# dehooking large shark from pier



## wheels (Mar 16, 2017)

can anyone one help me please,i am not new to shark fishing but i do have a question.im in a wheel chair and i fish out a the skyway fishing pier in manatee county in florida.i need to know if anyone knows how to dehook a shark or goliath grouper from the top of the pier while there in the water about 15 to 20 feet below?i was wondering if i took a very sturdy twine cord and tied it to a metal 0-ring like the use on the shark dehookers that extend,and slide it down the line to the circle hook and get the o-ring at an angle with the heavy twine and give it a super short strong pull?now keep in mind im only talking sharks that i cannot get up to the pier or goliath grouper for they are illegal to remove from the water.also i was going to file the barb down a bit.i would like to get my leaders back but most of all i do not wan the sharks/goliaths to be stuck with my leader in it mouth.i just do it for fun and want no harm to come to them for fulfilling my favorite thing to do. has anyone ever gave this a try?i know a sharks mouth is like a rubber leather.but i am very strong.also the pier is 3 miles long so there is no walking the to the shore.lol. .i cannot do that due to my injury anyway.lol. any help or ideas/or what you think of my idea,if it would work would be truly appreciated.thank you.


----------



## kingfish501 (Oct 7, 2007)

Wheels, best thing to do is cut the leader. Whether shark or Goliath, the hook will rust enough to break or come out in a short time. If you are not going to land the sharks, go to a short leader and sacrifice the leader. I once drove drove a 16/0 hook through the jaw of a 10 foot hammerhead at PC Beach off the pier...we landed the shark, but the hookset was so hard that when Rick cleaned the jaws to wall hang, that hook was still in them.


----------



## captken (Feb 24, 2008)

*Here is the rig I made.*

I've used it a couple of times. If it doesn't work quick, cut the leader if you can reach it.



Put your line in the caribeiner and slide it down to the hook. Twist the hook out to release the Shark.


----------



## wheels (Mar 16, 2017)

thank you very much for the info.i appreciate it very much.happy fishing


----------



## wheels (Mar 16, 2017)

thanks for the picture,i can give it a try.if nothing else i can just cut the leader.thanks to all for your input. happy fishing


----------



## kingfish501 (Oct 7, 2007)

Wheels, having fished the Skyline, I would still say go with a 6-7 foot leader ( angle because of the height should keep you from getting tail whacked) and a quick seipe of the knife to your line will minimize time the shark is in an unnatural position. Good fishing, brother.


----------



## wheels (Mar 16, 2017)

kingfish501 said:


> Wheels, having fished the Skyline, I would still say go with a 6-7 foot leader ( angle because of the height should keep you from getting tail whacked) and a quick seipe of the knife to your line will minimize time the shark is in an unnatural position. Good fishing, brother.
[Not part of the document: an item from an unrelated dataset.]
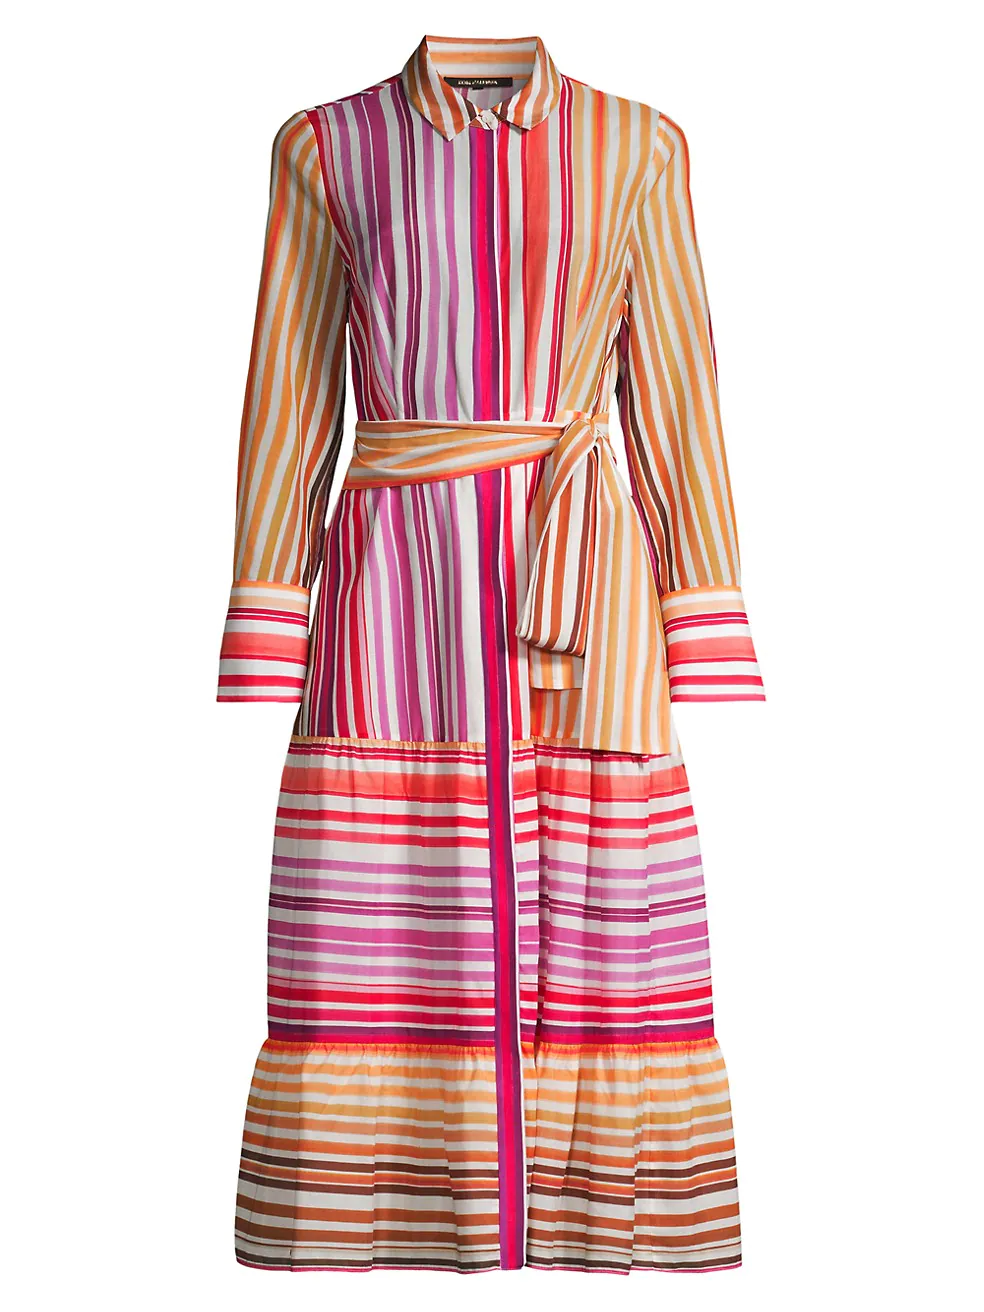 Spring dresses - new arrivals - stripe dress - fashion - sales - Saks Fifth Avenue - sophistication

i pre made my leaders they are in the the range of 7 to 9 foot.thanks for the info.it is much appreciated.


----------



## wheels (Mar 16, 2017)

kingfish501 said:


> Wheels, having fished the Skyline, I would still say go with a 6-7 foot leader ( angle because of the height should keep you from getting tail whacked) and a quick seipe of the knife to your line will minimize time the shark is in an unnatural position. Good fishing, brother.


oh,i have been tail swiped before.lol.thanks again for the info.happy fishing


----------



## wheels (Mar 16, 2017)

captken said:


> I've used it a couple of times. If it doesn't work quick, cut the leader if you can reach it.
> 
> 
> 
> Put your line in the caribeiner and slide it down to the hook. Twist the hook out to release the Shark.


what kind of tubing did you use to make that dehooker.i want to try it,if i cannot get the hook out with in 45 seconds i will just cut my leader off.


----------



## captken (Feb 24, 2008)

*I think it was an old extensible pool brush.*

I honestly don't know where it came from. I used it to release a couple of big Nurse sharks and maybe a Jewfish caught off a bridge in Hernando
County.

Re: "Friend request" I tried to get it to work a couple of times with no success. Maybe somebody can educate me.


----------



## wheels (Mar 16, 2017)

thats cool,i got the jest of it.have a good one.thanks


----------